POSO, Central Sulawesi (AP): Police searched jungles on Tuesday in their hunt for suspected Islamic militants blamed for a string of attacks on Christians, a day after 13 alleged terrorists and one officer were killed in a gun battle with security forces on Sulawesi Island.

The raid on the conflict-ridden Indonesian Island was a sharp escalation in the fight against terrorists in the world's most populous Muslim nation. Police said they only shot the men after coming under attack.

Central Sulawesi Police chief Brig. Gen. Badrodin Haiti said he believed more than 50 other militants had escaped Monday's raid in the seaside town of Poso and had fled to nearby hills and jungles.

"They are dangerous because they still have automatic weapons and ammunition," he told The Associated Press. "We are searching for them."

Most of Indonesia's 190 million Muslims practice a moderate form of the faith, but terrorists have gained a foothold in recent years, carrying out a string of deadly terrorist attacks that have left scores dead.

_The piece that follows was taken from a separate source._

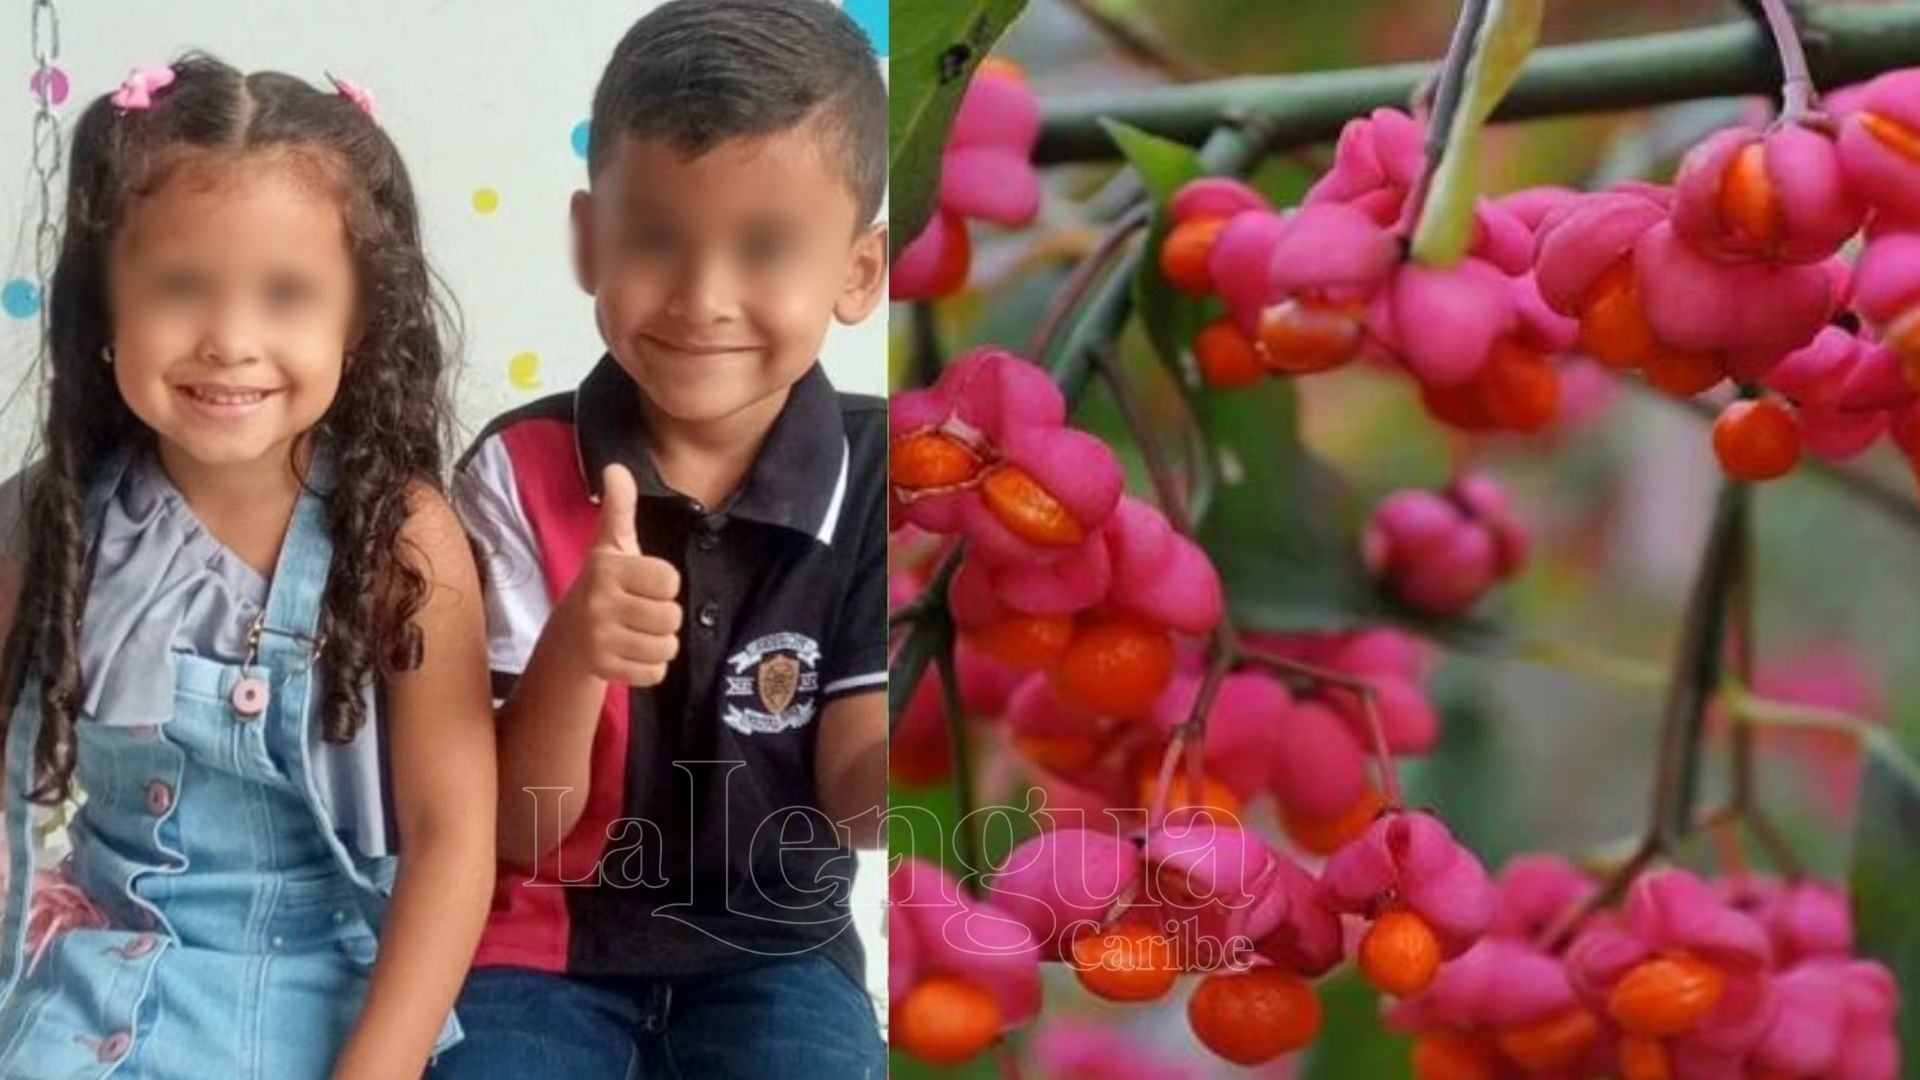 Tenga cuidado, dos niños murieron tras ingerir fruto tóxico en el patio de su casa

Many have set up base on Sulawesi Island, the scene of bloody fighting between Muslim and Christian gangs six years ago that left at least 1,000 people from both faiths dead. Islamic extremists have been blamed for sporadic bombings, shootings and other attacks since then.

Security forces have carried out several operations on Sulawesi against Muslim militants they had publicly accused of being behind the attacks. Senior officers made public calls for the men to turn themselves in and met with local hard-line Muslim leaders to try and enlist their help, but had no success.

What a surprise!! No success. These Muslim leaders from Islamic Defenders Front and Poso Islamic Brotherhood Forum should be jailed for aiding and abetting, obstructing justice and harboring fugitives.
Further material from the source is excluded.